The Time Machination is another IDW comic, this time featuring the 10th Doctor.  It falls quite squarely in the fanwank region of Doctor Who fiction so beloved of Gary Russell and Craig Hinton and seems to suggest Tony Lee, its writer, is very much from the same camp.  Within its short run of pages (it is only a ‘one shot’, as they seem to be termed) it manages to tie together Timelash, Tooth and Claw and The Talons of Weng-Chiang.  Not only this, but along the way it throws in references to Torchwood (the series), Rose, Ghost Light, The Unquiet Dead, Boom Town, Shada, possibly The Gunfighters, the Doctor Who Monthly comic strip War of the Words and, unwittingly, even foreshadows the Matt Smith Christmas special, The Snowmen!

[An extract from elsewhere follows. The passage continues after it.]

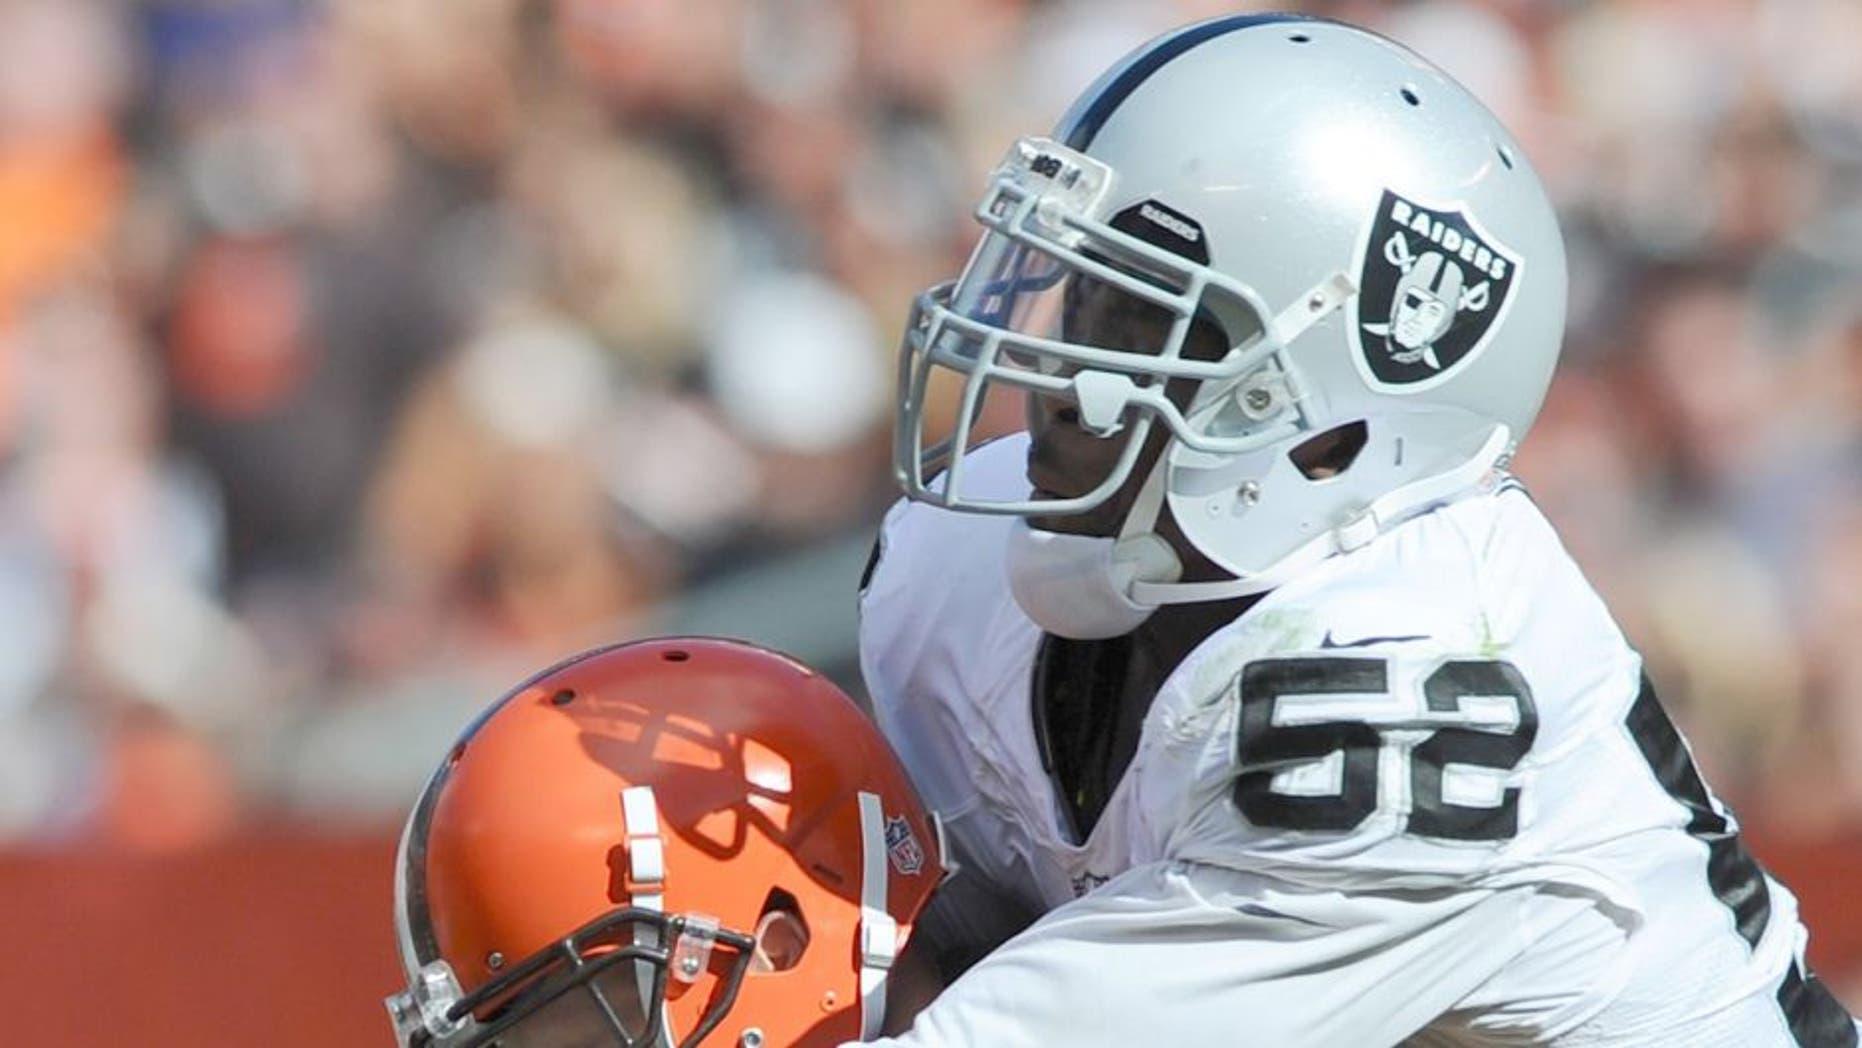 Sep 27, 2015; Cleveland, OH, USA; Oakland Raiders defensive end Khalil Mack (52) sacks Cleveland Browns quarterback Josh McCown (13) during the second half at FirstEnergy Stadium. The Raiders won 27-20. Mandatory Credit: Ken Blaze-USA TODAY Sports

As a story its quite fun.  The 10th Doctor is seemingly stuck in London, 1889.  HG Wells brings his friend, Jonathan Smith to meet the Doctor.  Torchwood operatives, however, are on the trail of the Doctor having tracked him through the ten years since Queen Victoria set up the organisation.  They have detected traces of him at Krakatoa, Gabriel Chase and in America (which I’m presuming is a reference to The Gunfighters, but could easily be any 19th Century America-set story, whether in spin-off fiction or unseen).

It turns out, however, that the Doctor is actually in London to stop Jonathan Smith and has enlisted Wells’s help in this matter.  He is, in fact, a time traveller from the 51st Century out to stop the Doctor from defeating Magnus Greel.  Waving some timey-wimey paradoxical explanation, the Doctor explains that he discovered Smith’s plan and so placed a fake document on the planet Biblios (as featured in the comic strip, War of the Words) to lure him into a trap.  Torchwood (who have no record of the Doctor’s appearance, apparently) mistake Smith for the Doctor and he is taken away.  Apparently, a certain Captain Jack Harkness will eventually ask to see Smith, realise he is a fake and release him back to his own time to stand trial for war crimes.

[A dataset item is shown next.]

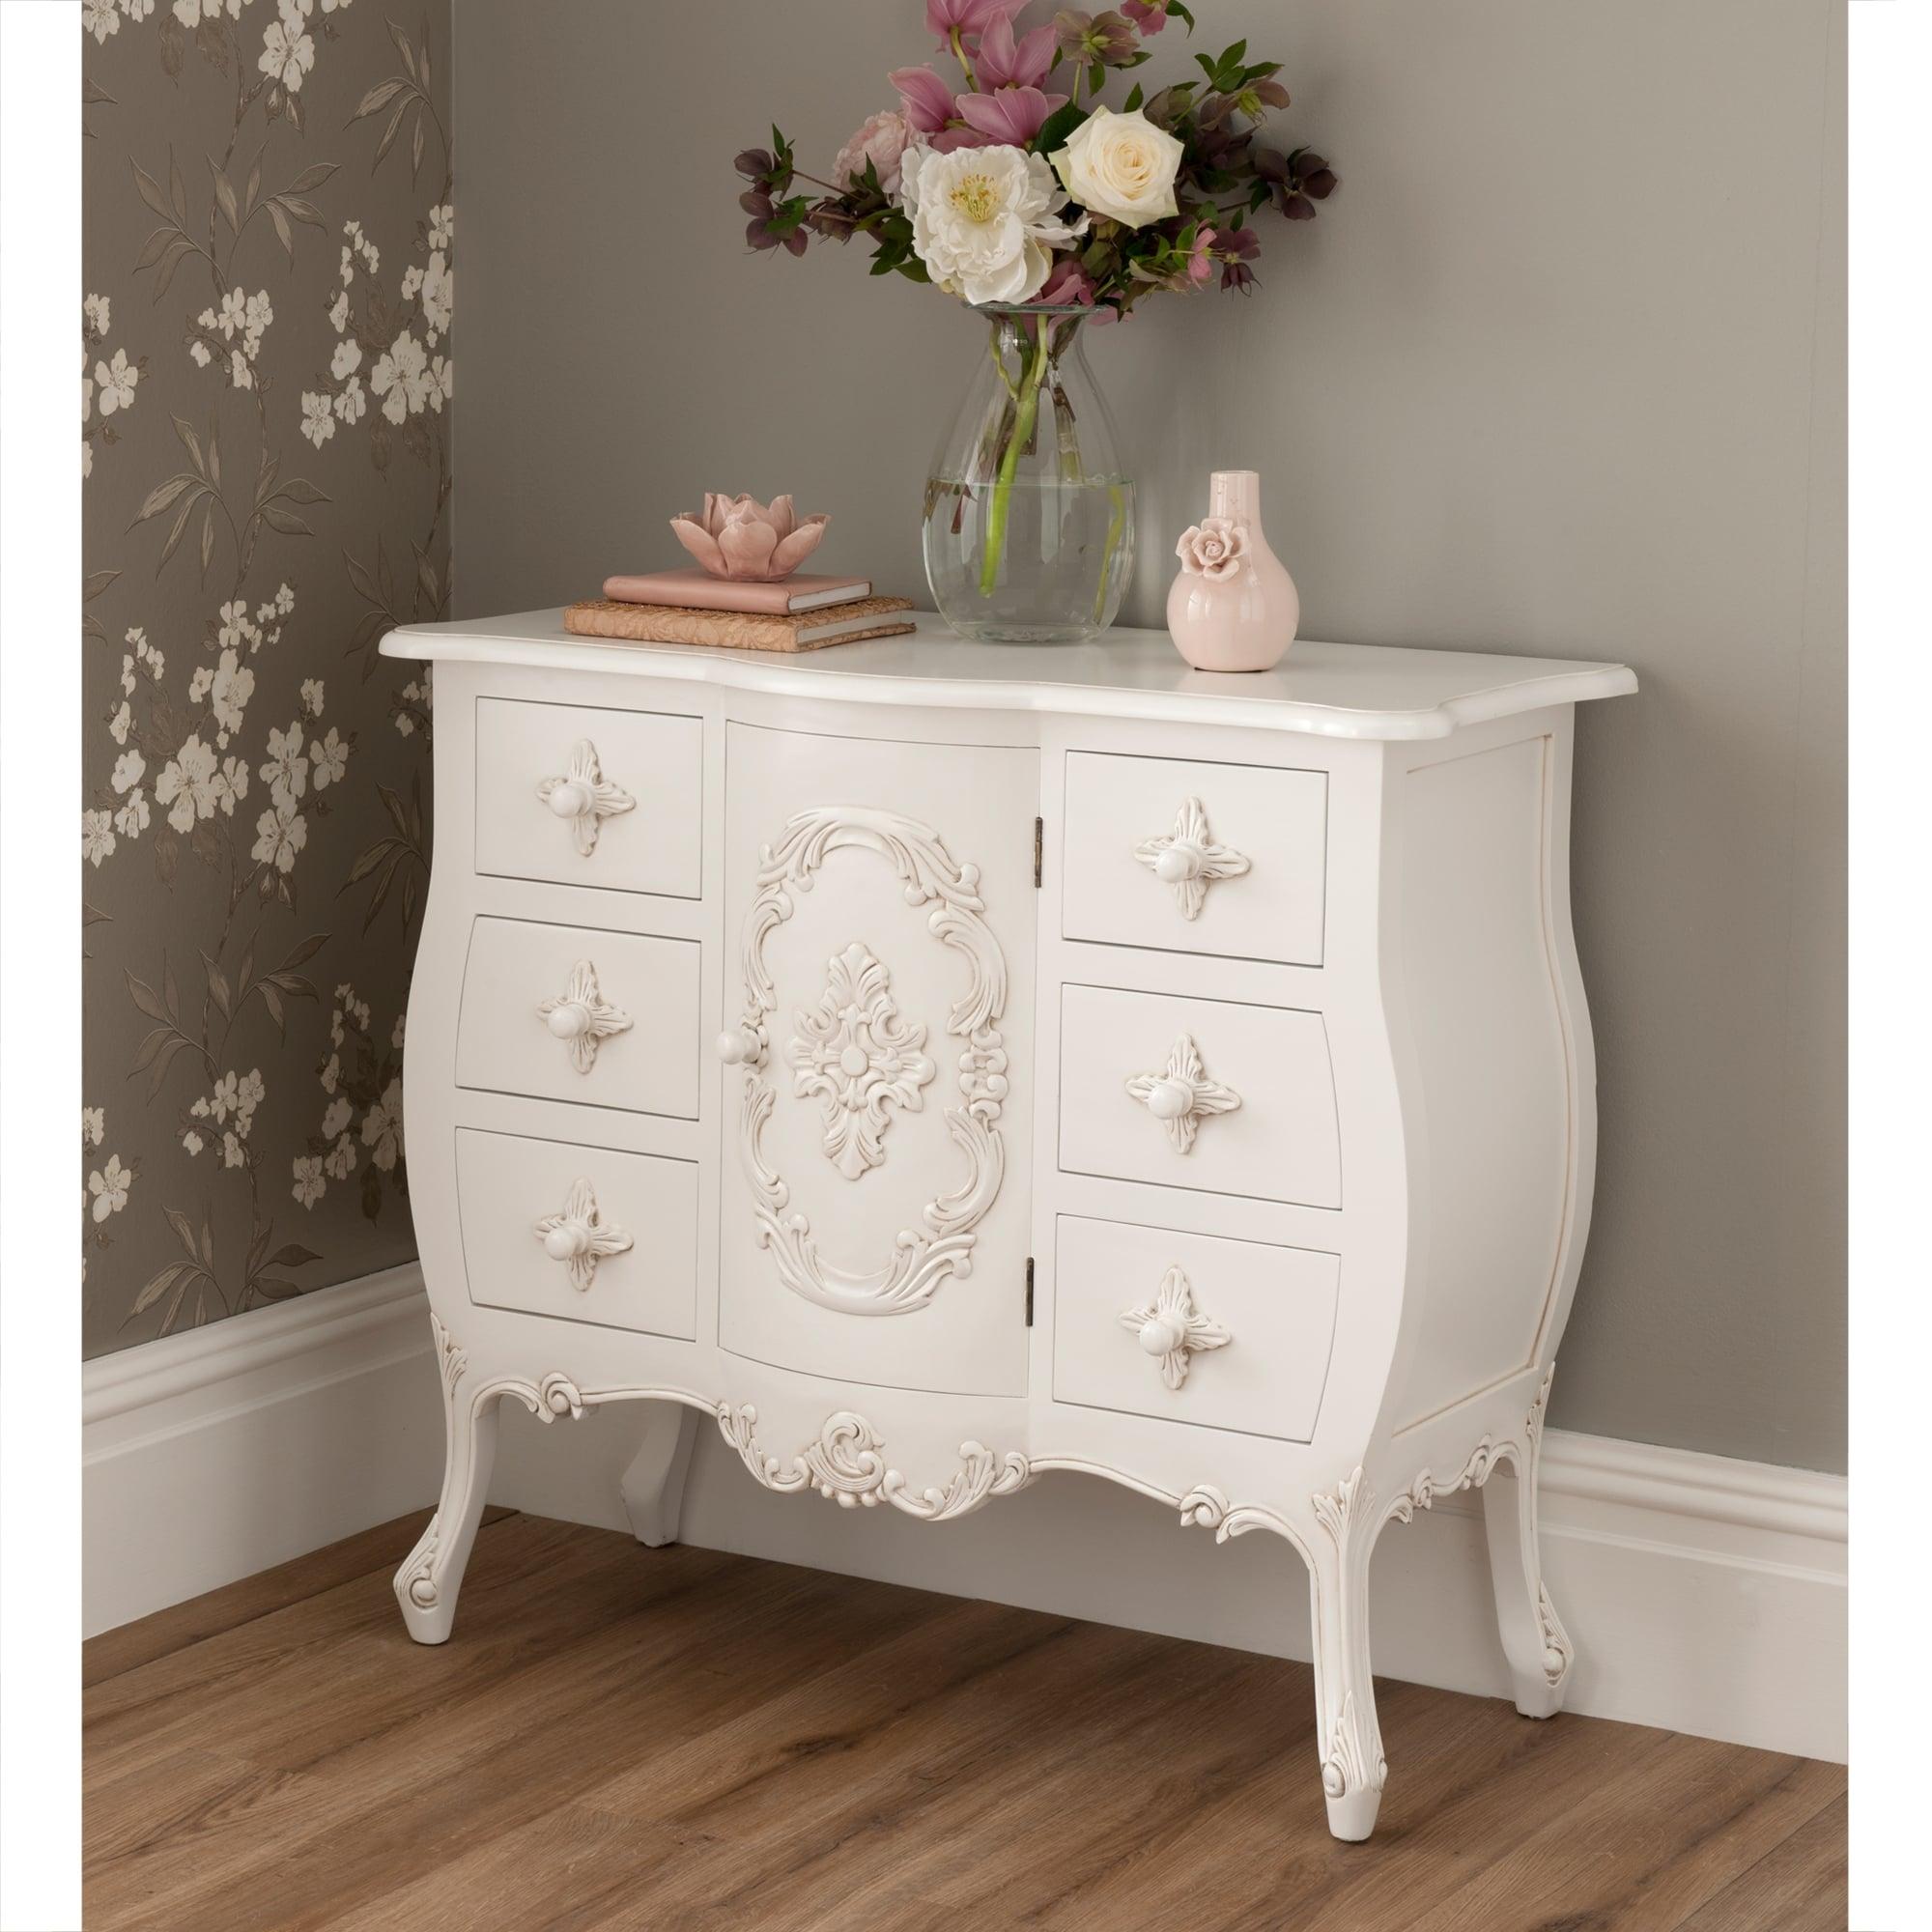 antique looking dresser painted la rochelle antique french style dresser

The characterisation of David Tennant’s manic 10th Doctor is spot on and the whole timey-wimey, fanwanky plot is the sort of thing the comics, audios and novels are free to indulge in far more than the TV series can, or should.  HG Wells doesn’t bear much resemblance to the version we see in Timelash which, seeing as it is only supposed to be 4 years since he met the Doctor in Scotland, is a shame.  He looks much older in the comic strip than he does in Timelash, although he does look much closer to how HG Wells really looked.  Wells was born in 1866 which means he would have been 19 in 1885 (when the ‘Scottish’ segments of Timelash are set) and only 23 by the time of this story in 1889.  He looks much, much older than 23!  He wouldn’t publish The Time Machine until 1895 and, apparently it is only with prompting from the Doctor in this story, that he even considers becoming a writer.  So apparently, it takes him six years to write the story (not unfeasible, but possibly a bit too much of a gap).  I’ve always liked the idea that the Herbert we see in Timelash actually joined the Doctor and Peri for a few, unseen, adventures in time and space before returning to Earth.  Maybe that is why he looks older in this story than he should and spent longer with the Doctor and Peri than we might assume from the TV series.

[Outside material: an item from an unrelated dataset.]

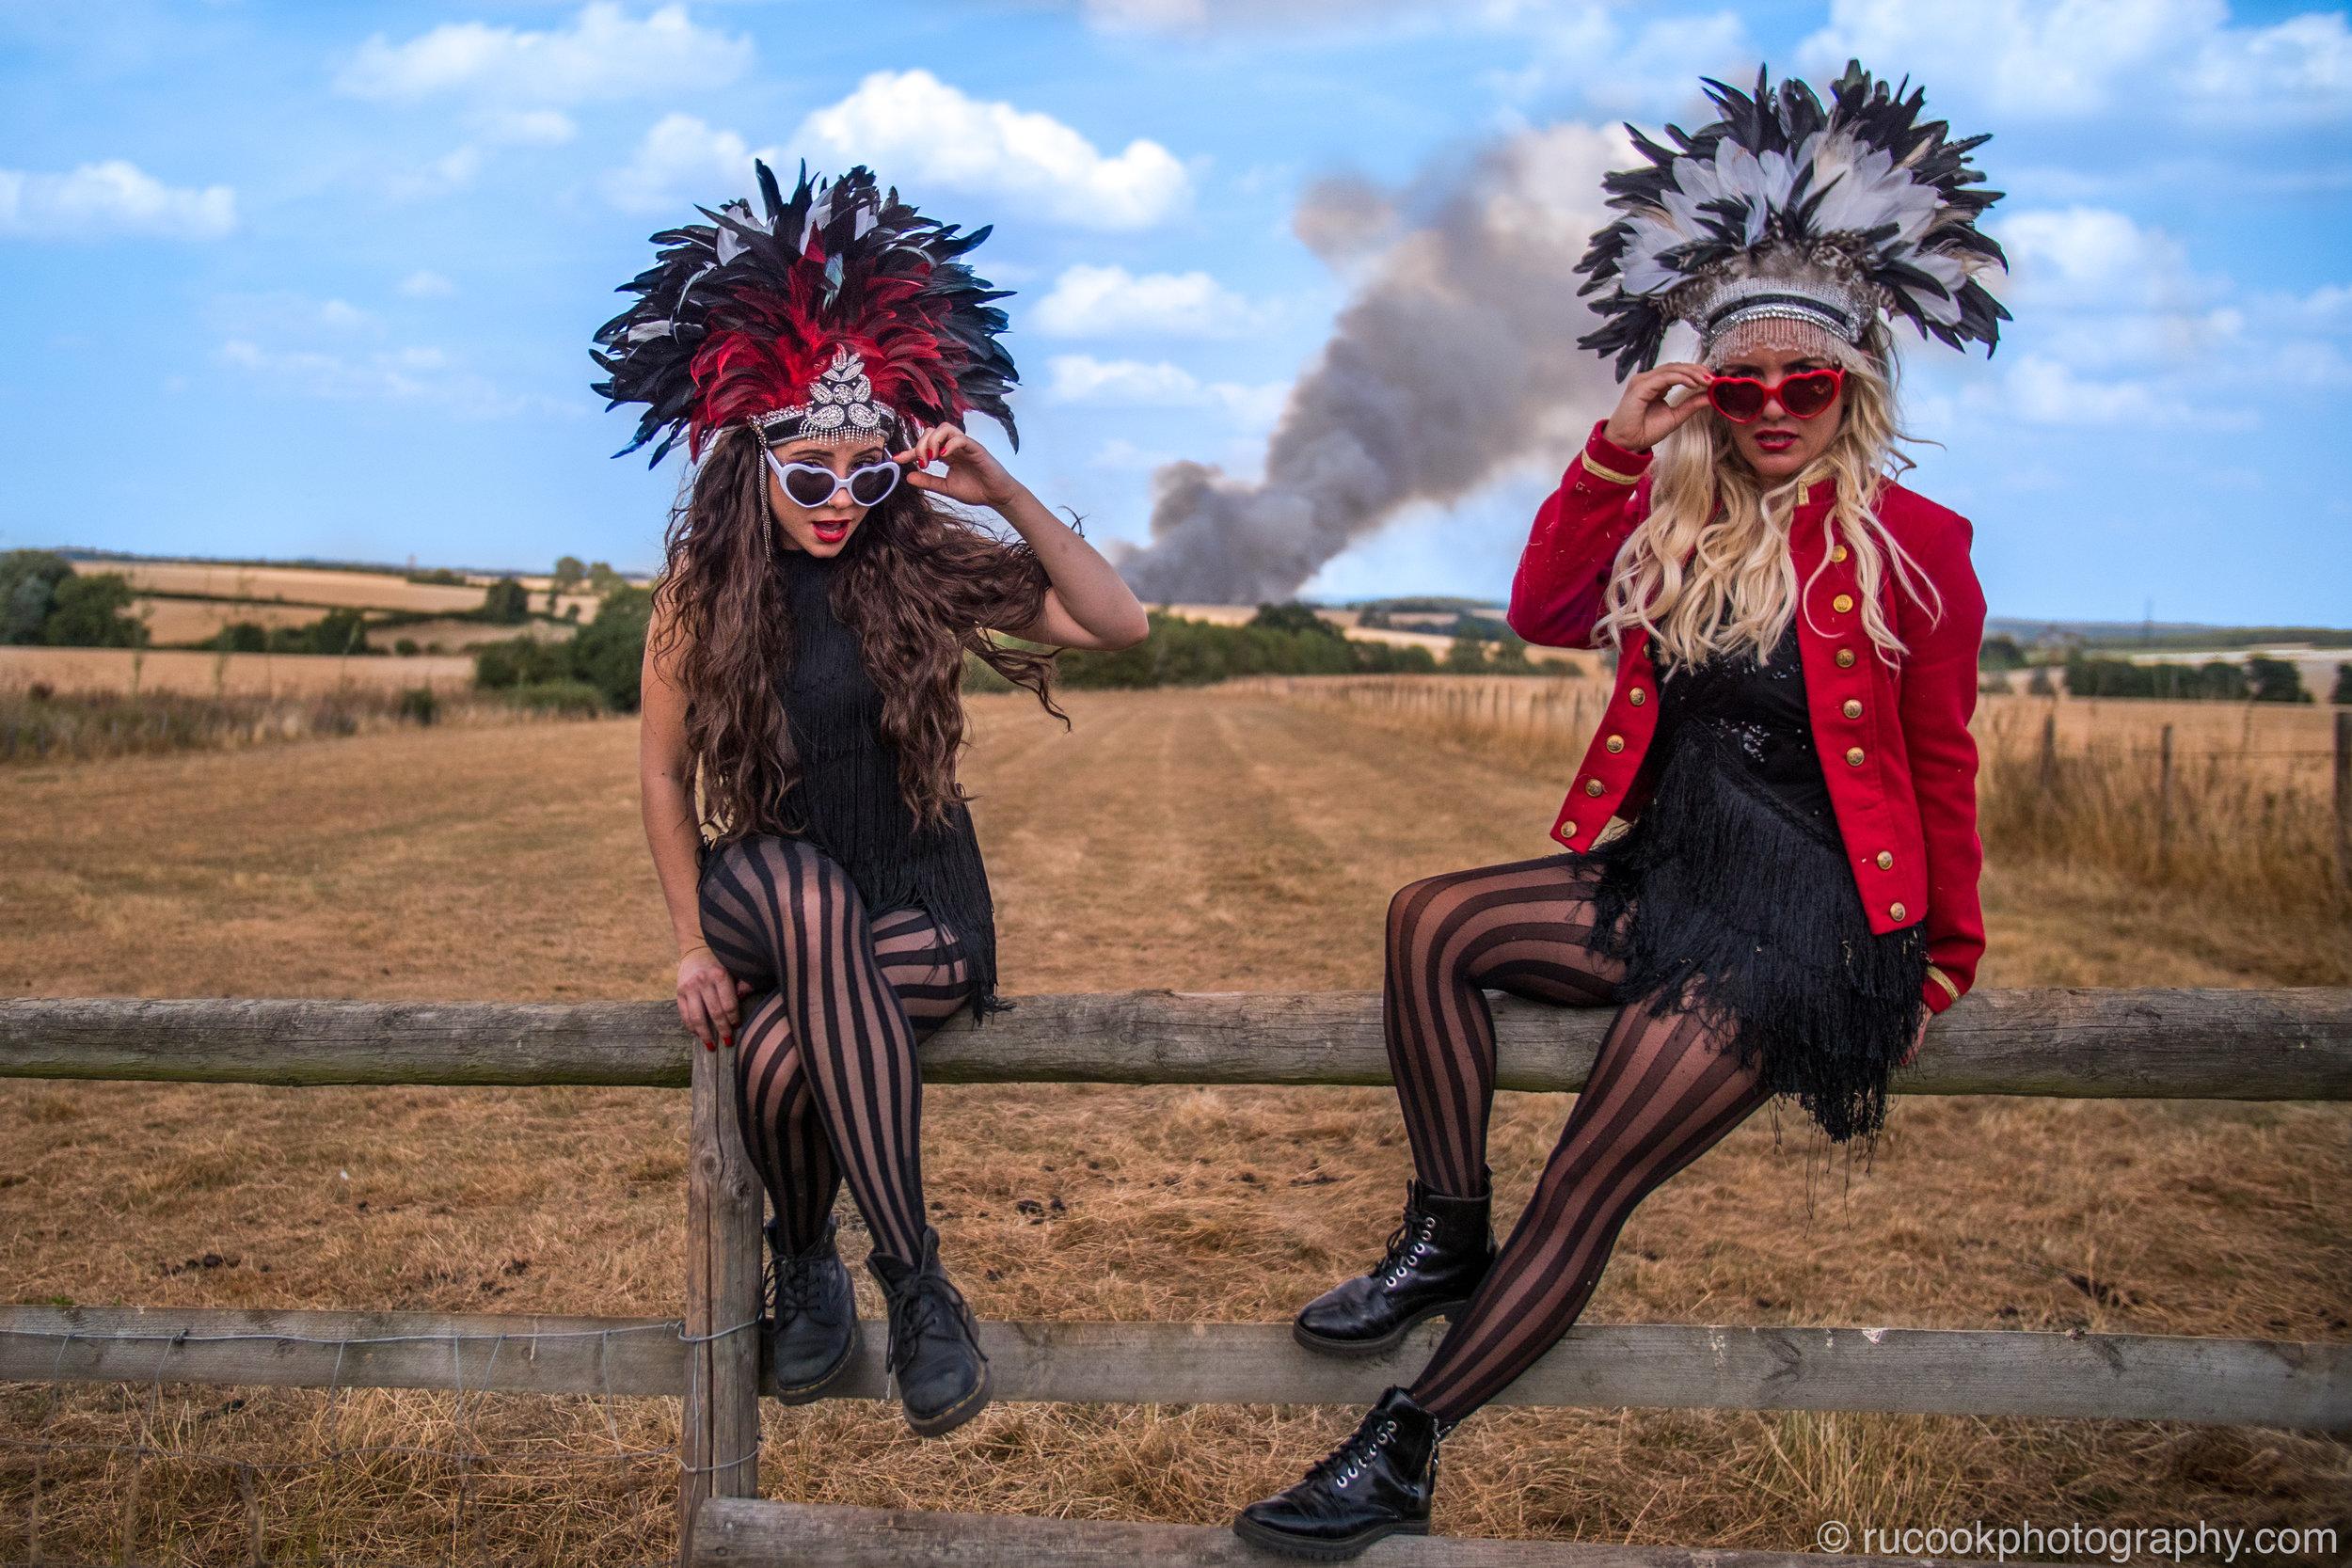 Models: Vicki Olivia & Fiona Salomon

I quite like the artwork for this comic, and the artwork for IDW can be very variable.  I hated the style of Ripper’s Curse and although Paul Grist’s style here is maybe a little too cartoony, it works and is pleasing to look at.

Historically, apart from the presence of HG Wells and mention of his most famous novel, the rest is more concerned with tieing in the fictional history of Doctor Who rather than the real history of Victorian London.  That said, the Doctor does dress up as Sherlock Holmes for one section (for no discernible reason) harking back to the 4th Doctor’s costume in The Talons of Weng-Chiang and, unintentionally, foreshadowing the 11th Doctor’s wearing of a very similar costume when confronting the Great Intelligence in The Snowmen.


The story ends with the arrival of a second TARDIS, emerging from it the 4th Doctor and Leela leading directly into the opening scenes of The Talons of Weng-Chiang.  I think, with the exception of an ongoing series like I, Davros, this is the first time two stories in my marathon have been so explicitly linked together – the dialogue between the Doctor and Leela is word for word from that first scene.


This was an enjoyable, if ridiculously fanwanky, story and I rather liked the return of Herbert, one of the ‘could-have-been’ companions.